Termini AeDES Ordinanza inagibilità

Domanda

Un fabbricato è stato sottoposto a sopralluogo da parte di tecnici comunali, senza compilazione della scheda Fast. A seguito del sopralluogo il fabbricato è stato dichiarato inagibile con ordinanza del Sindaco emessa in data antecedente all’Ordinanza del Commissario Straordinario n.10 del 19 dicembre 2016.

I 30 giorni entro cui compilare e depositare la scheda AeDES con perizia giurata decorrono dalla data dell’Ordinanza del Sindaco o dalla data di pubblicazione dell’Ordinanza del Commissario Straordinario n.19/2016?

Risposta

L’ordinanza sindacale di inagibilità deve e può essere emanata solo a seguito di sopralluogo e referto compilato secondo la procedura AeDES o FAST che si concludono gli esiti di agibilità-non agibilità o non utilizzo. Se ciò non è avvenuto l’ordinanza sindacale è cautelativa dal punto di vista della tutela della privata e pubblica incolumità ma non consente di attivare un percorso per il riconoscimento del contributo. Per poter accedere ai contributi della ricostruzione post sisma 2016 occorre la scheda AeDES, compilata o da squadra designata dalla DICOMAC o da libero professionista scelto dal proprietario. Per le modalità di richiesta del contributo si vedano le Ordinanze del Commissario n. 8 del 14 dicembre 2016, 10 del 19 dicembre 2016 e 12 del 9 gennaio 2017.

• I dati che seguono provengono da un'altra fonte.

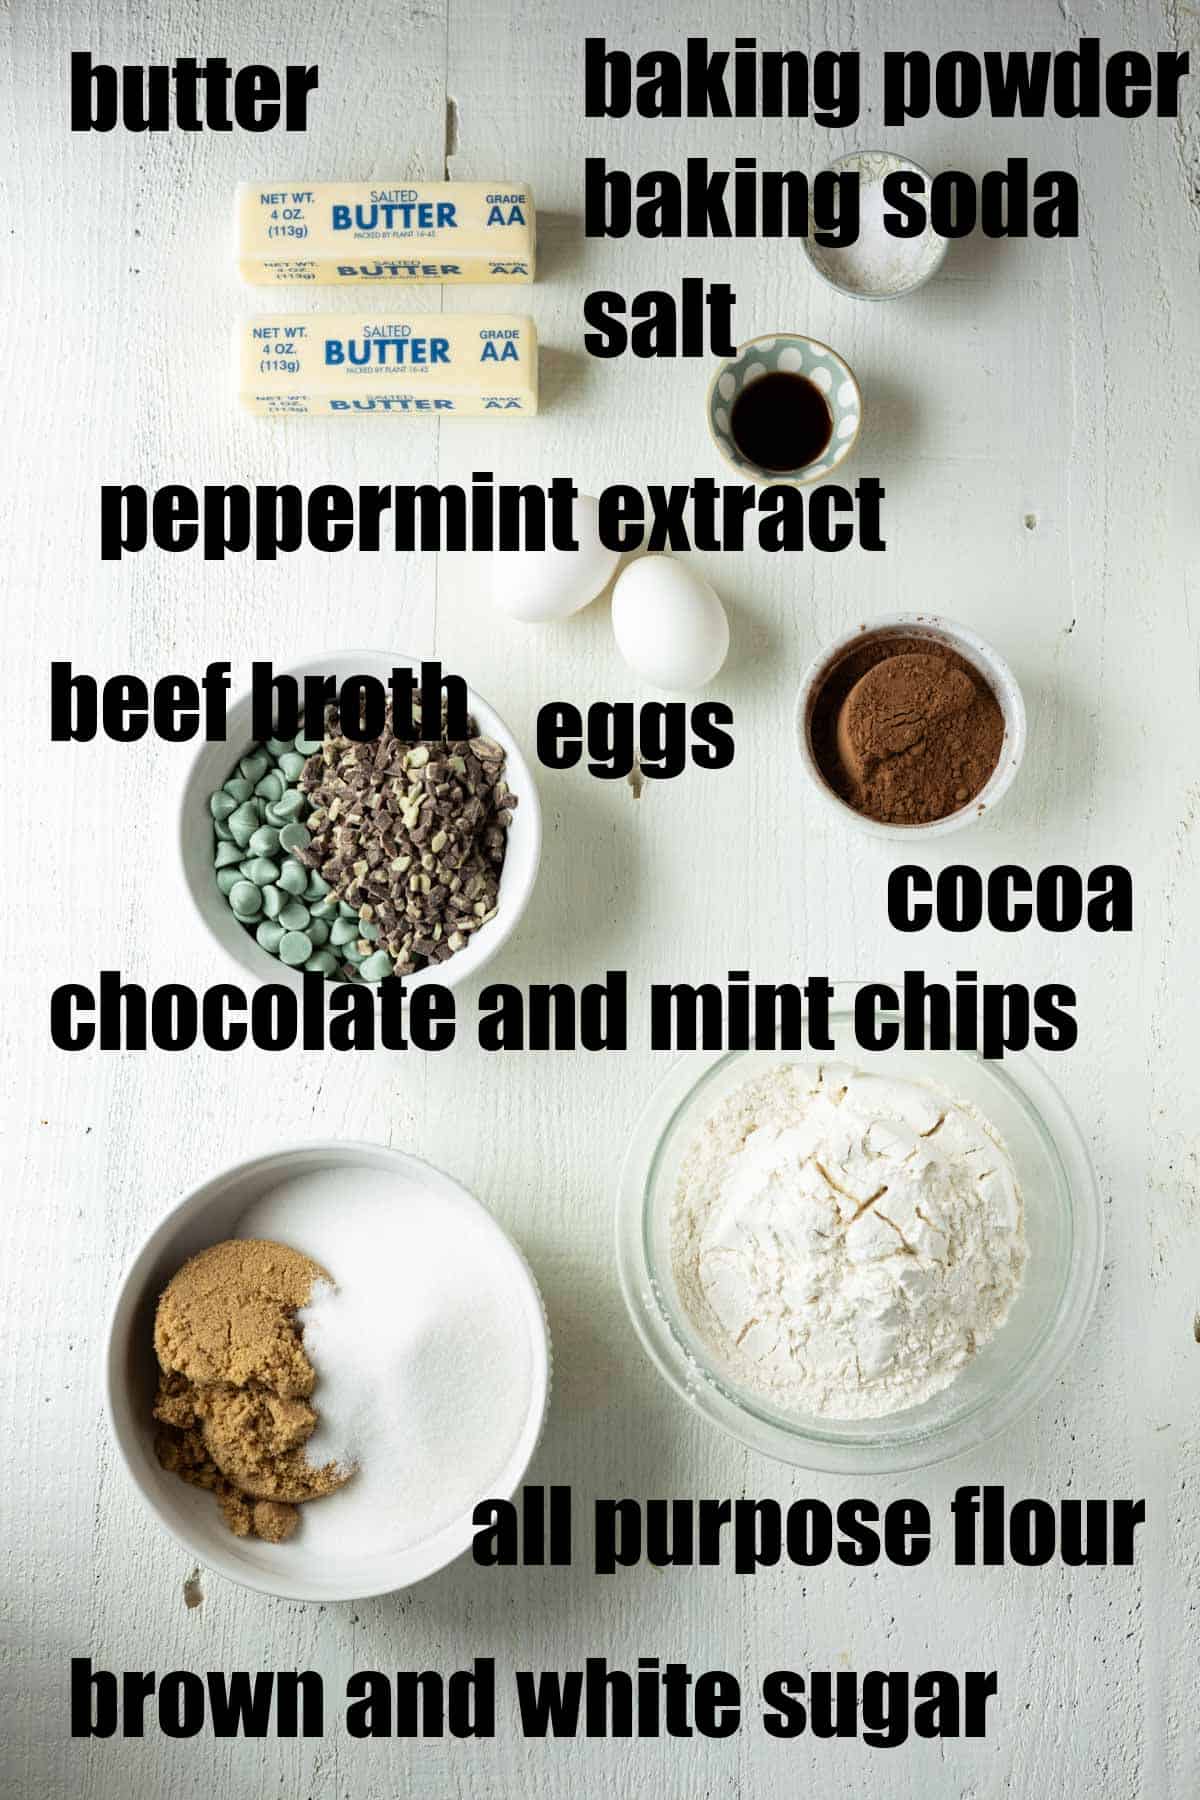 Ingredients needed to make chocolate mint cookies.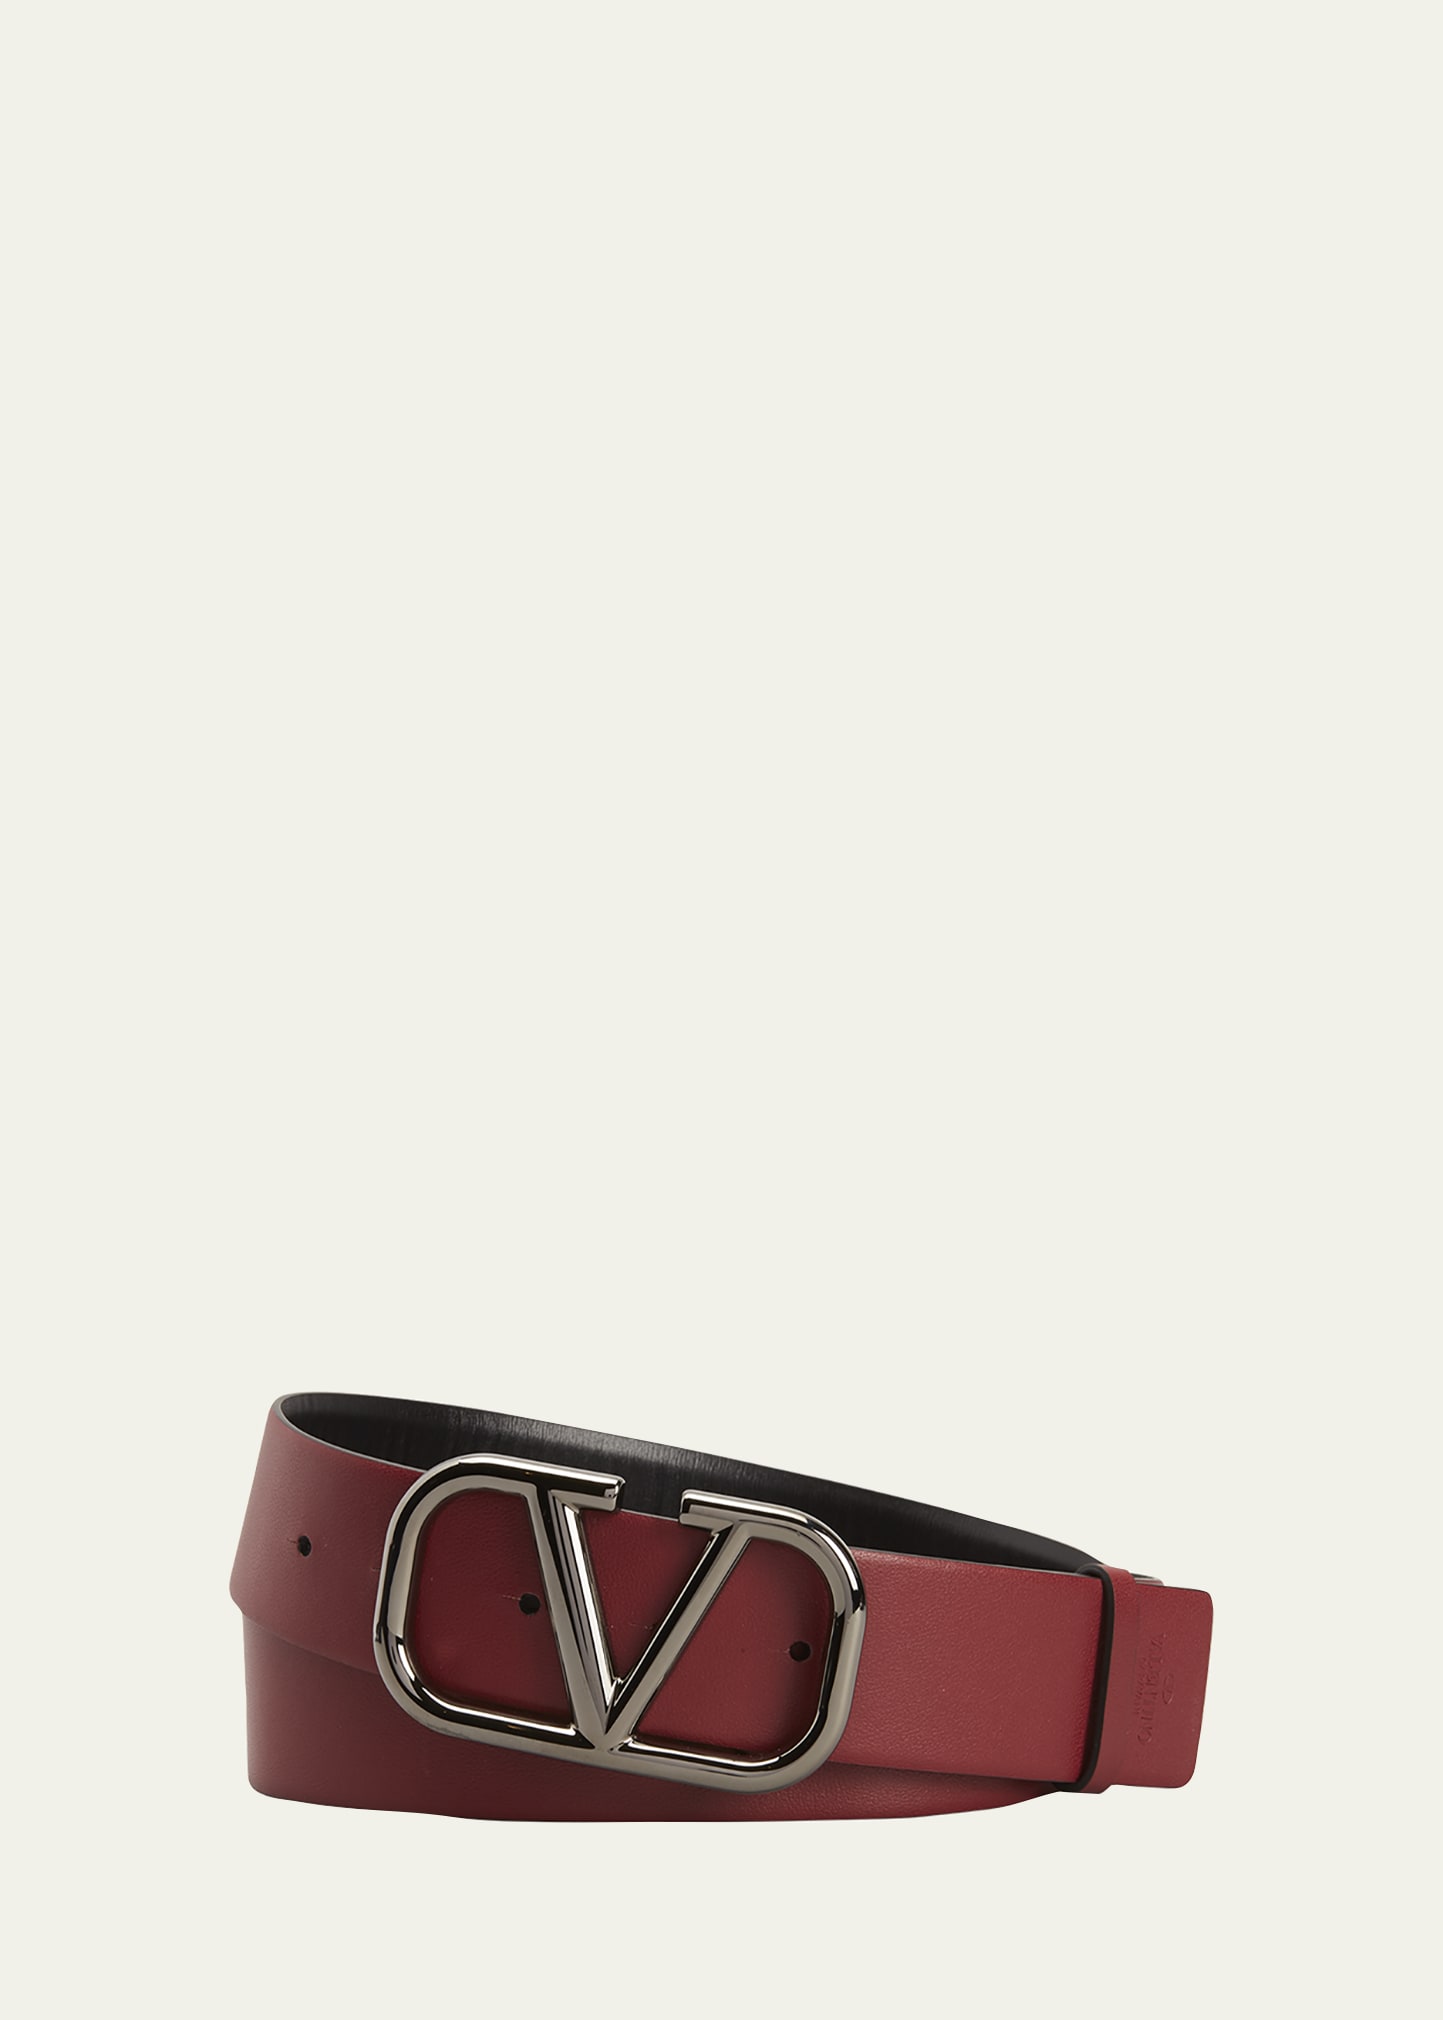 Valentino Garavani Monogram-Jacquard Buckle Belt

Pertanto, bisogna chiedere al Comune la rettifica/integrazione degli atti assunti.

Scelta impresa esecutrice dei lavori

Domanda

L’ordinanza del Commissario Straordinario n.8/2016 stabilisce che la ditta esecutrice deve essere scelta tra tre ditte iscritte all’Anagrafe antimafia di cui all’Ordinanza del Commissario n.4/2016. Tale prescrizione vale anche nel caso di lavori avviati antecedentemente all’emanazione delle citate Ordinanze Commissariali?

Risposta

Come previsto dall’articolo 6, comma 13, del Decreto legge n. 189/2016 la selezione dell’impresa esecutrice da parte del beneficiario dei contributi è compiuta mediante procedura concorrenziale intesa all’affidamento dei lavori alla migliore offerta. Alla selezione possono partecipare solo le imprese che risultano iscritte nell’Anagrafe di cui all’articolo 30, comma 6, in numero non inferiore a tre.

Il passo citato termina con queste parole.